§ **Task prompt**: An exact, complete printout of the listing is wanted, minus its images.

§ **Stored data**:
╔══

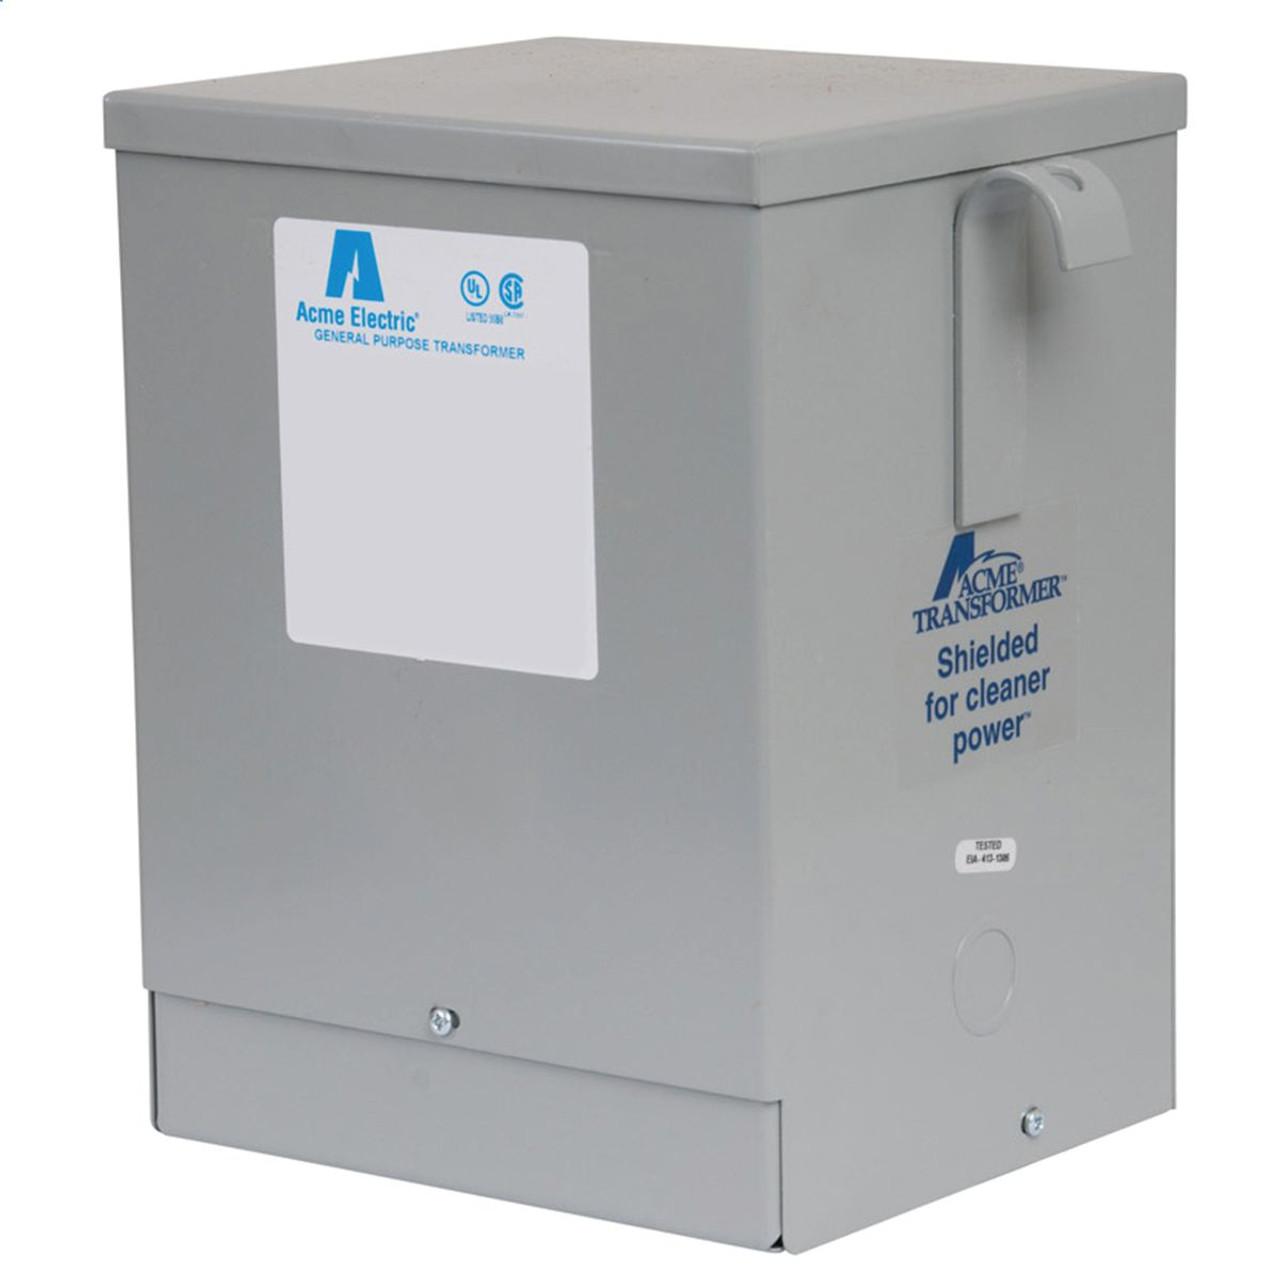 Representative image of an Acme Buck-Boost transformer
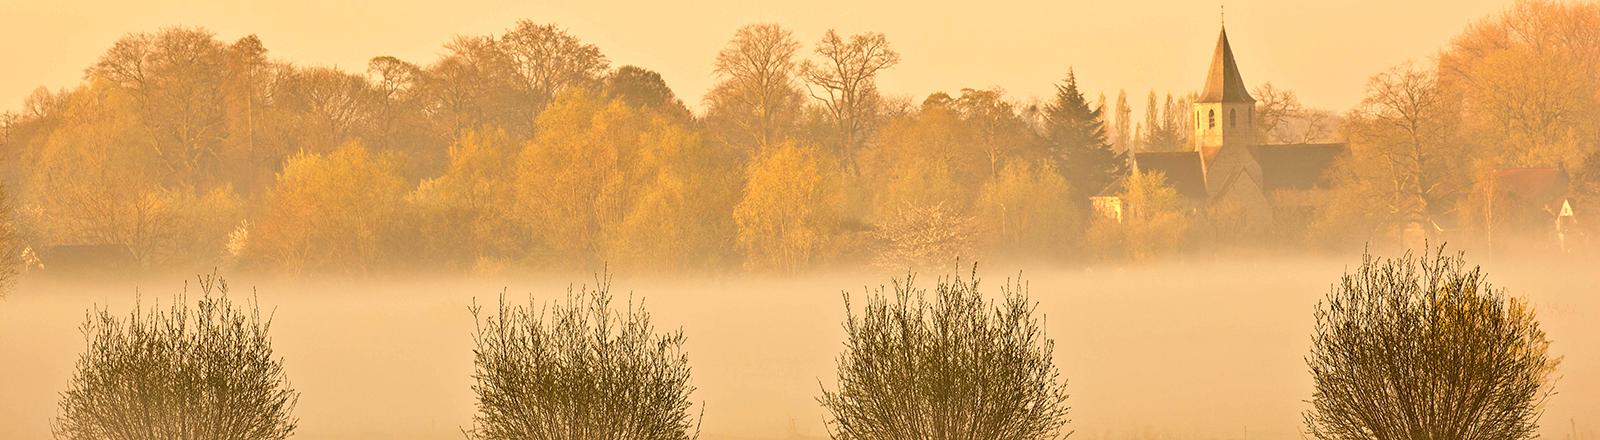 Dorf in Flandern im Nebel
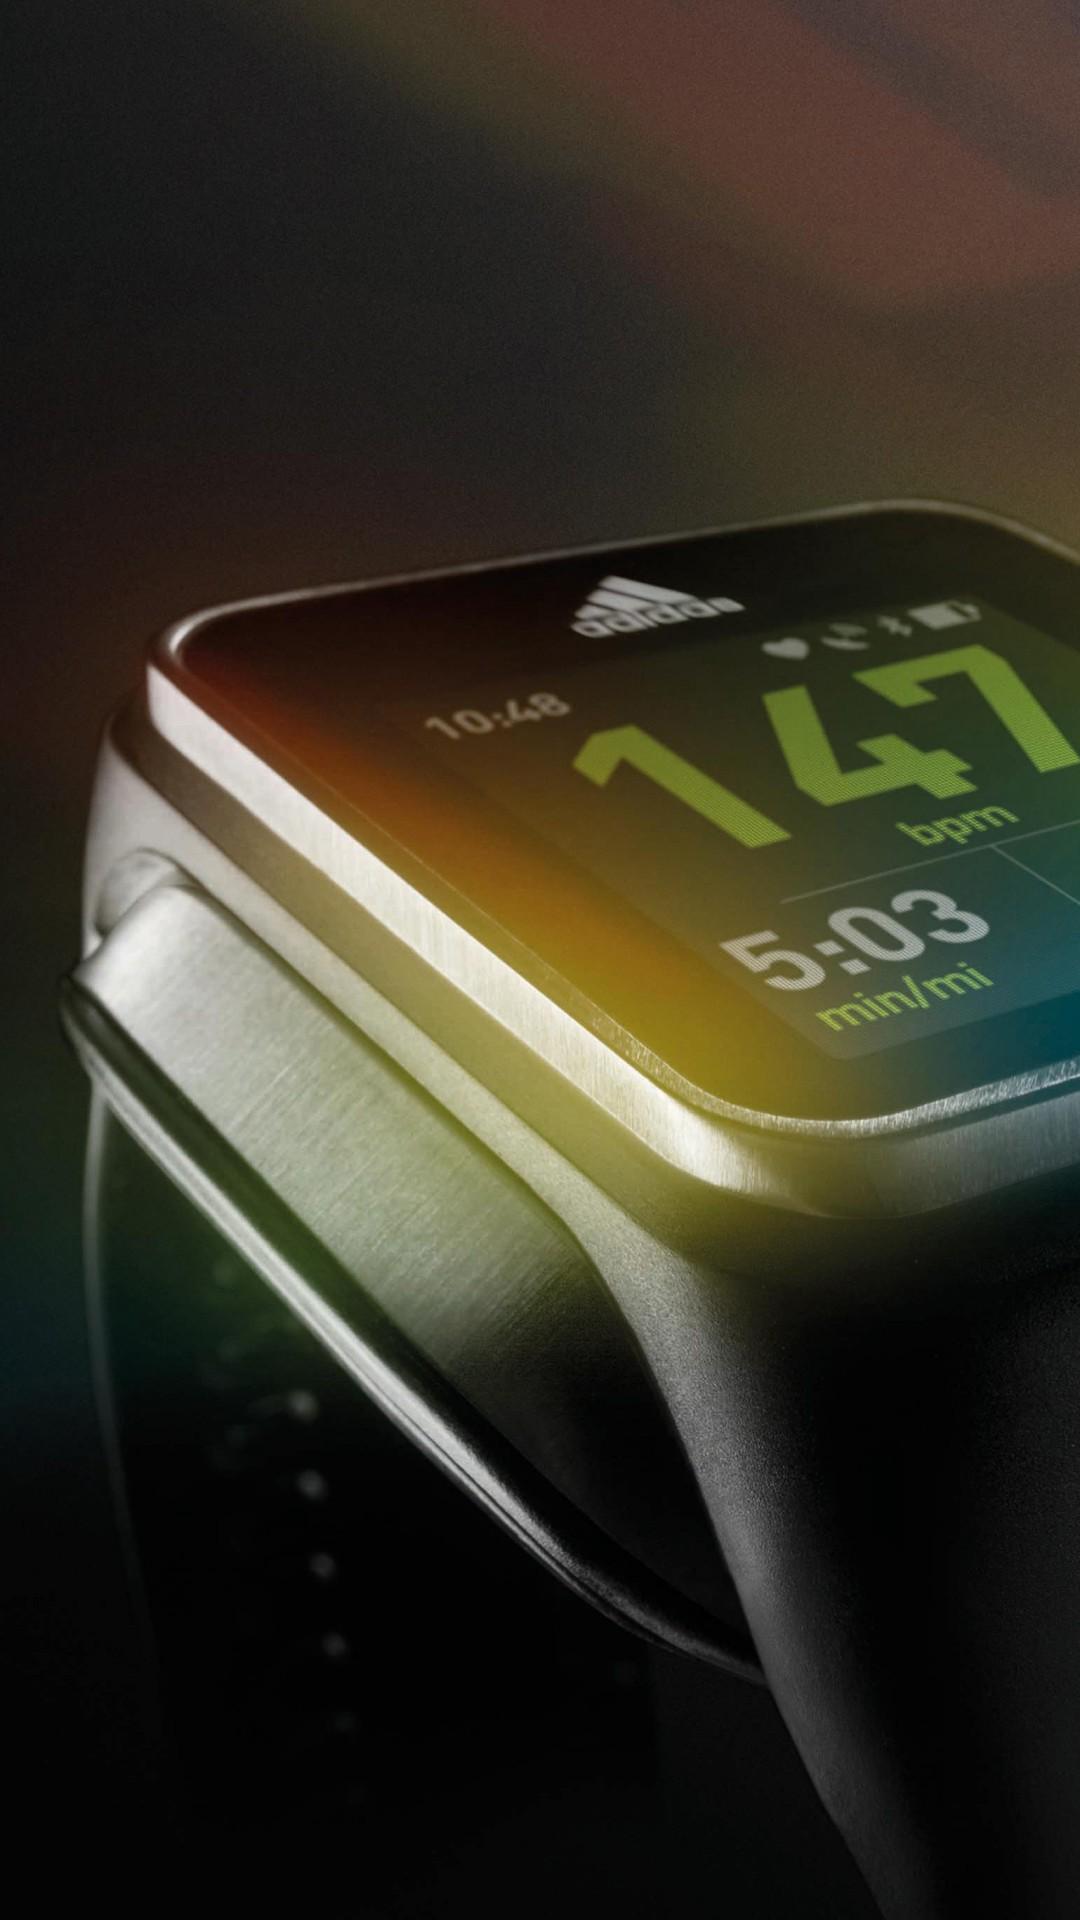 Adidas Micoach Smartwatches
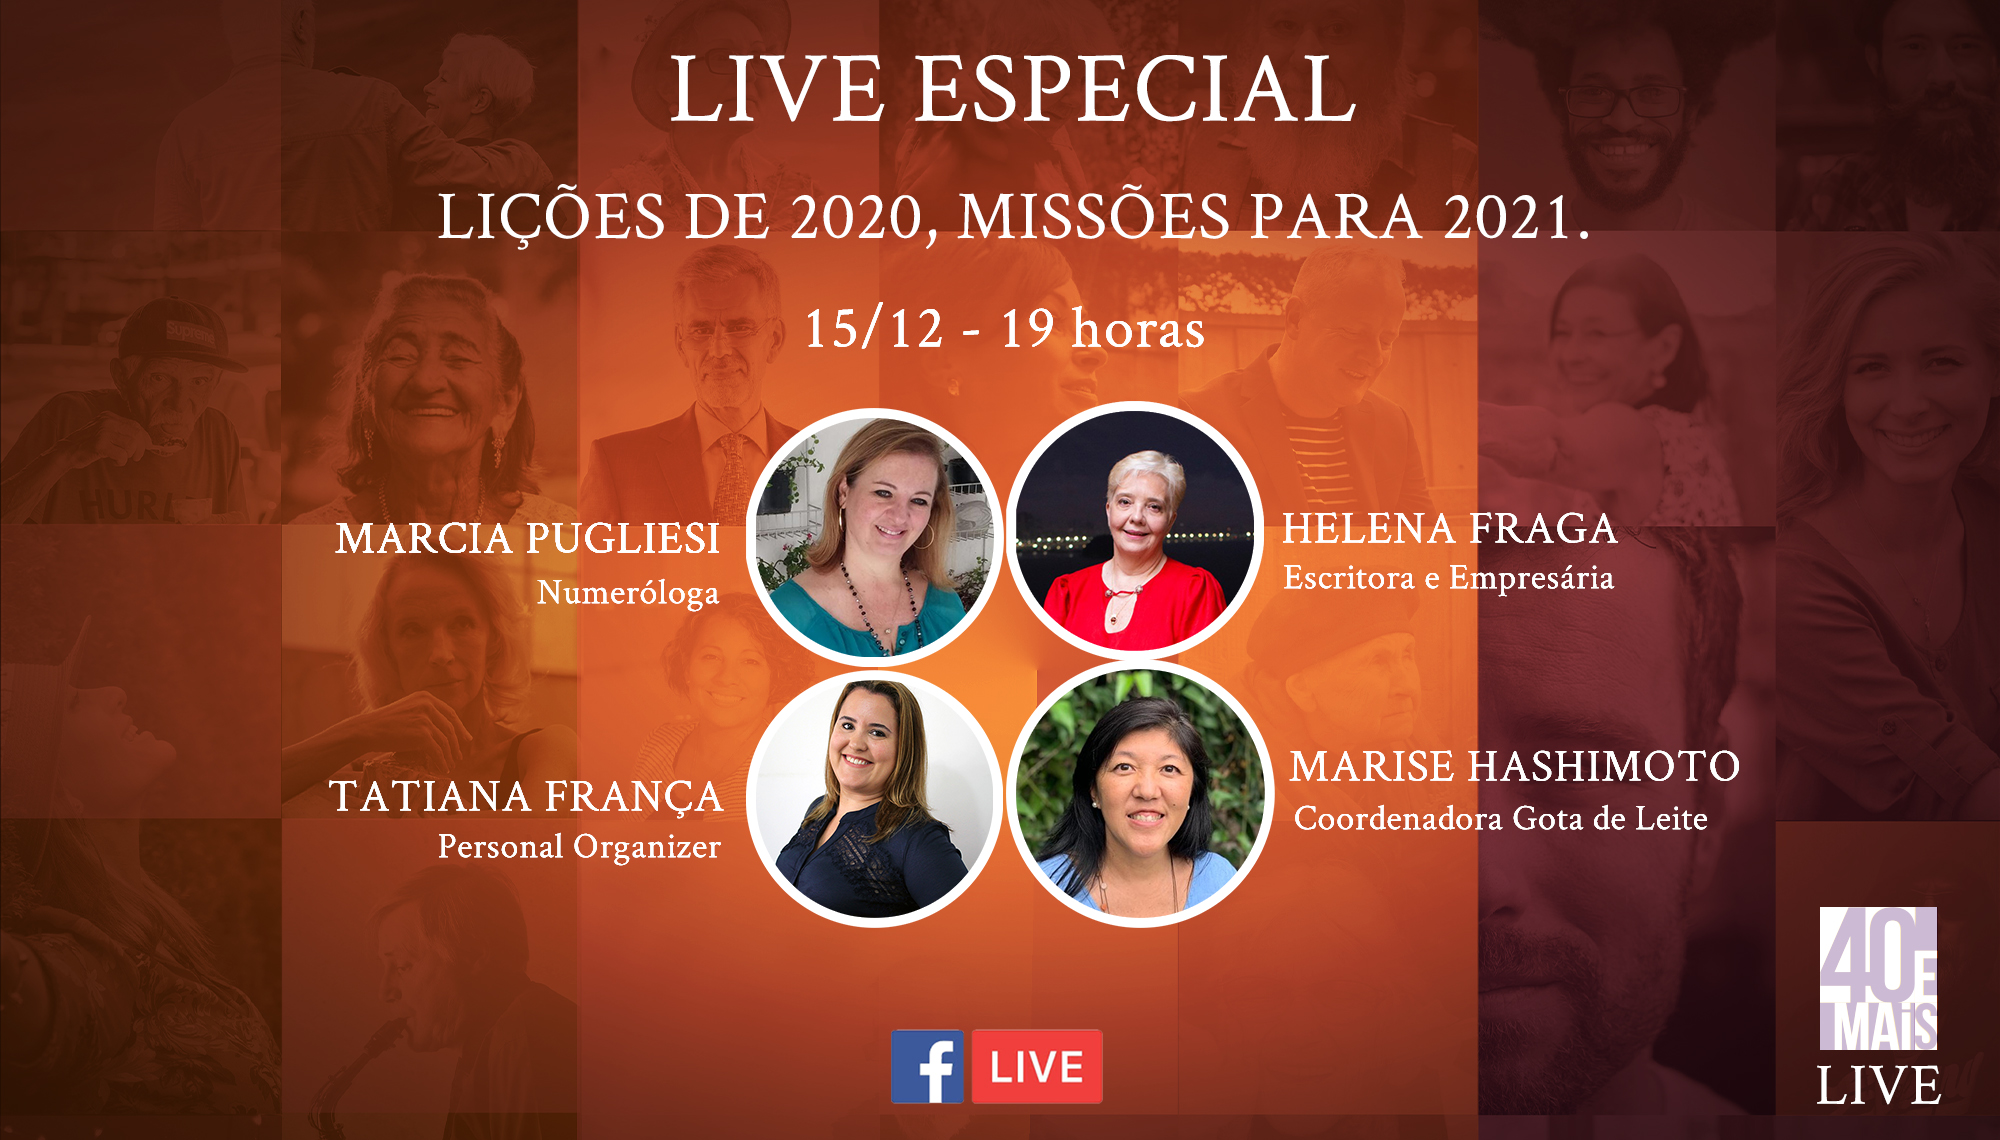 Live especial

╚══

§ **Exercise output**:
 Representative image of an Acme Buck-Boost transformer
 Dorf in Flandern im Nebel
 Adidas Micoach Smartwatches
 Live especial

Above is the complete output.